En 2015, l’entreprise lève 8 millions d’euros auprès de fonds internationaux comme Union Square Ventures (Twitter, Zynga) et Felix Capital. Le développement est rapide, mais la structure reste centralisée autour de la plateforme française.

La crise sanitaire de 2020 agit comme un révélateur : 50 000 nouveaux clients en deux mois, panier moyen doublé, nouveaux producteurs. L’euphorie semble justifiée.

Mais elle est de courte durée. L’entreprise se diversifie : rachat du Comptoir Local en 2018 pour faire de la livraison à domicile, ouverture de huit boutiques physiques en Île-de-France dès 2021. Deux erreurs stratégiques.

En 2023, la nouvelle direction tranche. Tout est arrêté. Les boutiques sont jugées non rentables, mal positionnées, lancées trop tôt. Les services logistiques sont fermés, des licenciements sont opérés. Retour au modèle de base.

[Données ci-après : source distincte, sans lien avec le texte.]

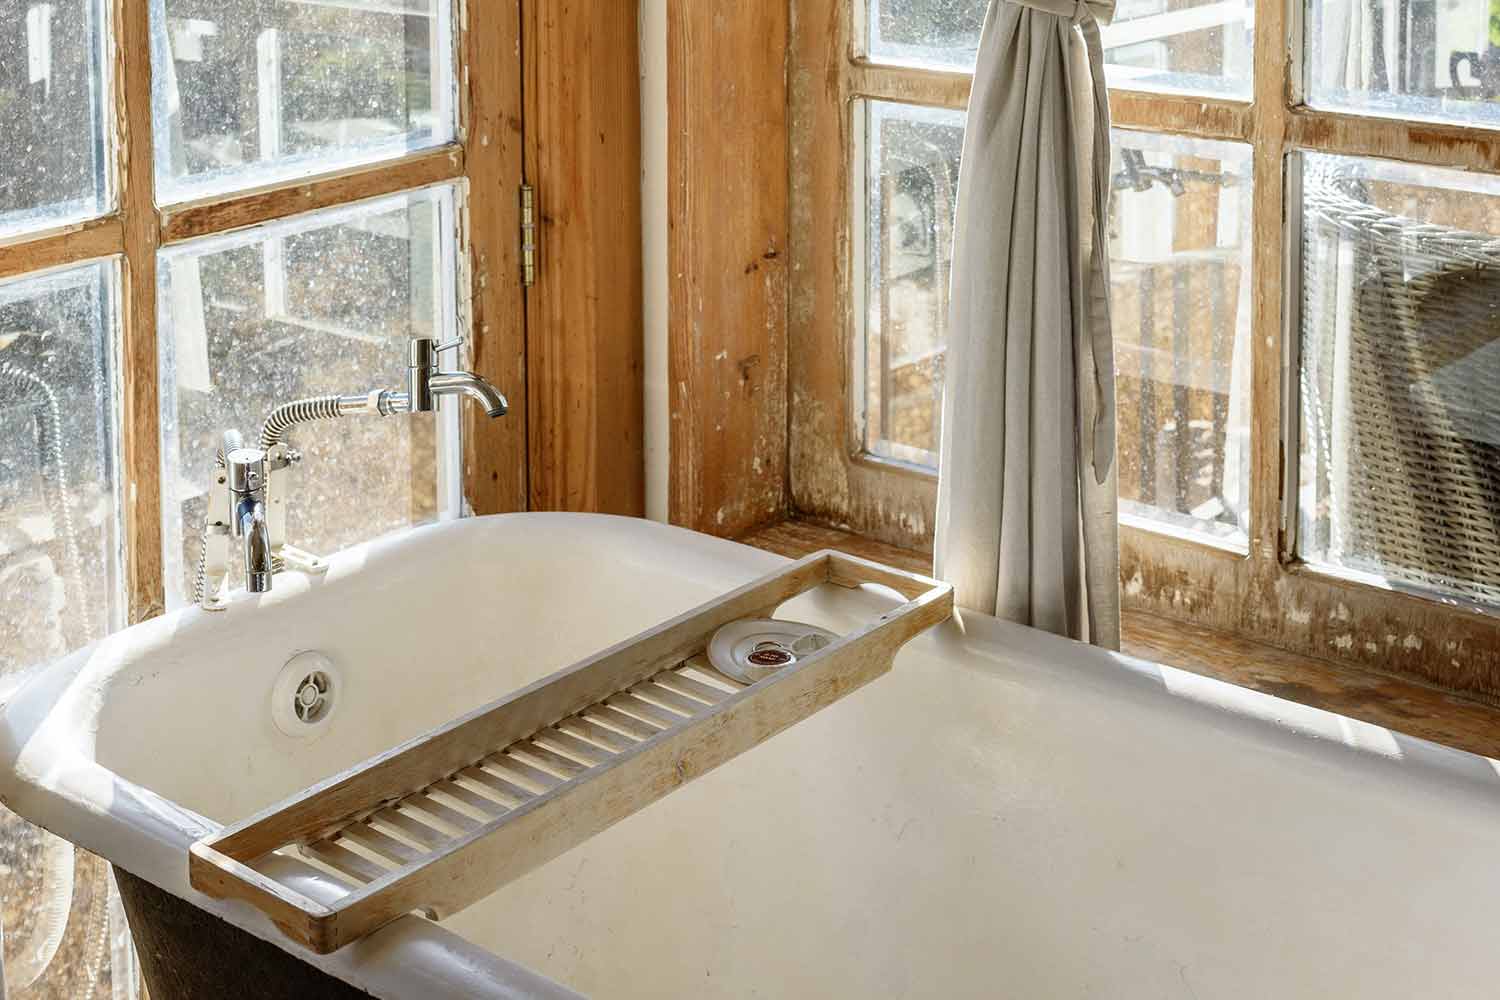 How To Plug An Overflow Drain In Bathtub?
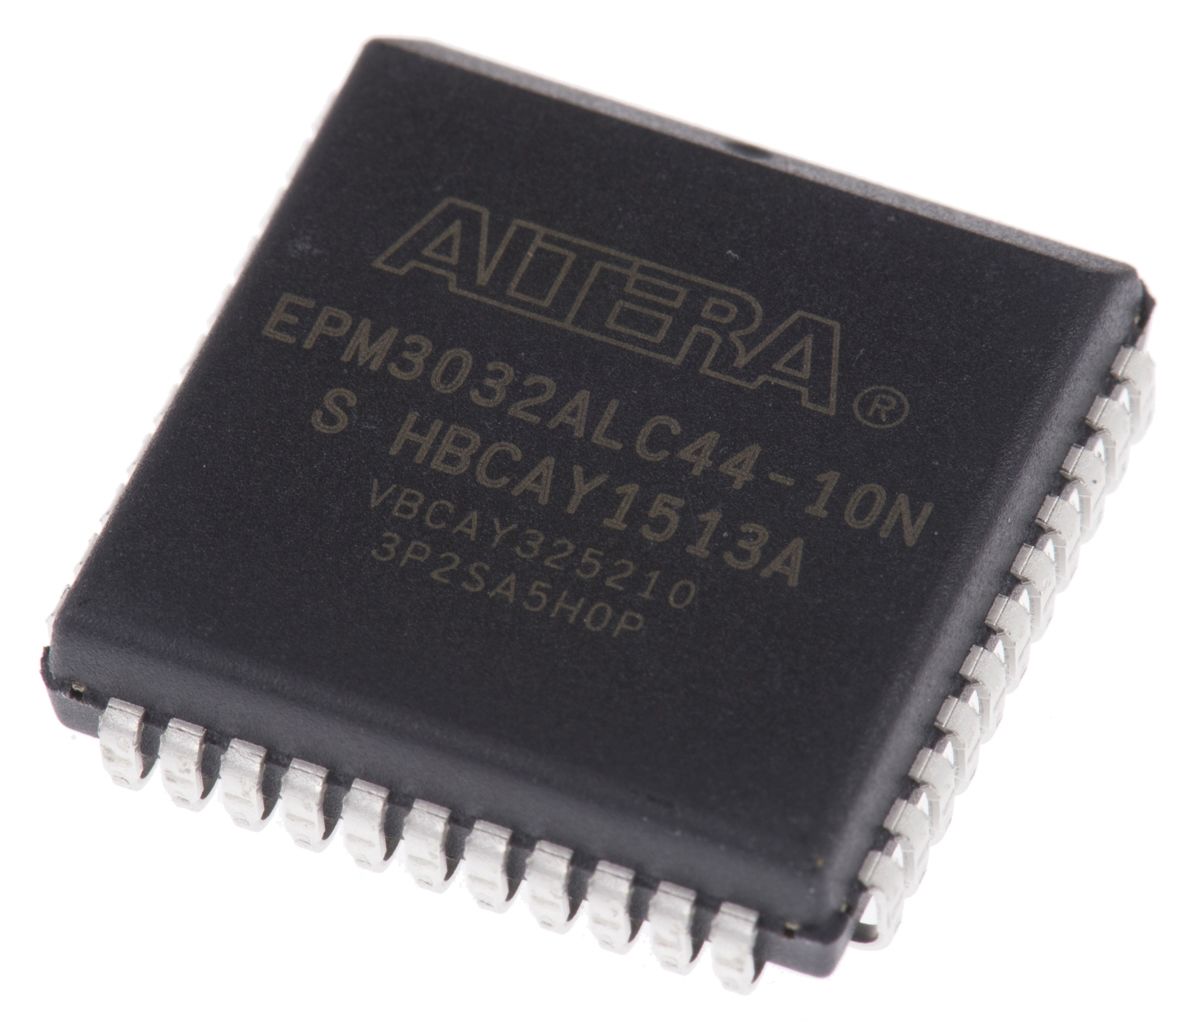 Altera EPM3032ALC44-10N, CPLD MAX 3000A EEPROM 32 Cells, 34 I/O, 2 Labs, ISP, 44-Pin PLCC

Fini les rêves d’intégration verticale.

Un modèle toujours fragile

Derrière l’apparente solidité du réseau, les comptes ne suivent pas. Dès 2014-2015, les pertes cumulées dépassent 2,5 millions d’euros. En 2019, l’entreprise accuse une perte nette de 916 846 euros, pour 5,86 millions d’euros de chiffre d’affaires.

La structure de coûts reste inadaptée à la réalité des circuits courts : pas d’économies d’échelle, coûts logistiques élevés, marges faibles.

Et lorsque l’inflation de 2022 frappe, les arbitrages sont cruels : les consommateurs délaissent les produits locaux, souvent perçus comme chers. Le réseau s’effrite, certaines ruches ferment, les revenus des producteurs comme des responsables plongent.

Le paradoxe est là, une fois de plus : un acteur reconnu pour son impact social et environnemental, incapable de trouver l’équation économique durable.

Labels, reconnaissance… et contradictions persistantes

L’entreprise ne manque pas de distinctions officielles. Elle est certifiée B Corp depuis 2017, agréée ESUS (Entreprise solidaire d’utilité sociale) depuis 2014 et membre d’organisations influentes comme Ashoka ou le Mouves.

Mais cette reconnaissance n’efface pas les fragilités internes. Les labels valident une intention, pas une rentabilité. L’entreprise reste structurellement déficitaire, tout en s’appuyant sur des travailleurs peu protégés.

Un modèle qui entend changer les règles du jeu tout en jouant sur le même terrain que les acteurs classiques de la distribution… avec beaucoup moins de moyens.

Vers une stabilisation prudente du modèle de départ

En 2023, Philippe Crozet et Adrien Sicsic prennent les commandes. Objectif : resserrer les boulons, revenir au modèle d’origine, recentrer la stratégie. Malgré la fermeture de certaines ruches, le réseau reste dense : 1 200 ruches en Europe, 10 000 producteurs, plus de 200 000 consommateurs réguliers en 2024.

Des signes faibles de reprise apparaissent. Exemple : la réouverture d’une ruche à Saint-Dizier en 2025, après plusieurs années d’interruption. Mais le ton a changé. Moins d’expansion, plus de consolidation.

En quinze ans, La Ruche qui dit Oui ! a reversé 250 millions d’euros aux producteurs. Elle a contribué à populariser les circuits courts, à créer un réseau alimentaire décentralisé à l’échelle européenne, à faire bouger les lignes. Mais elle reste aussi l’exemple d’une utopie transformée en compromis permanent. Le capitalisme à impact a ses vertus, mais aussi ses limites. On ne change pas la distribution alimentaire sans affronter de front ses lois économiques.

Le dilemme reste entier : comment bâtir une alternative à la grande distribution, sans tomber dans ses travers, ni s’échouer sur ses marges ? La Ruche qui dit Oui ! n’a pas encore la réponse. Mais elle a posé les bonnes questions.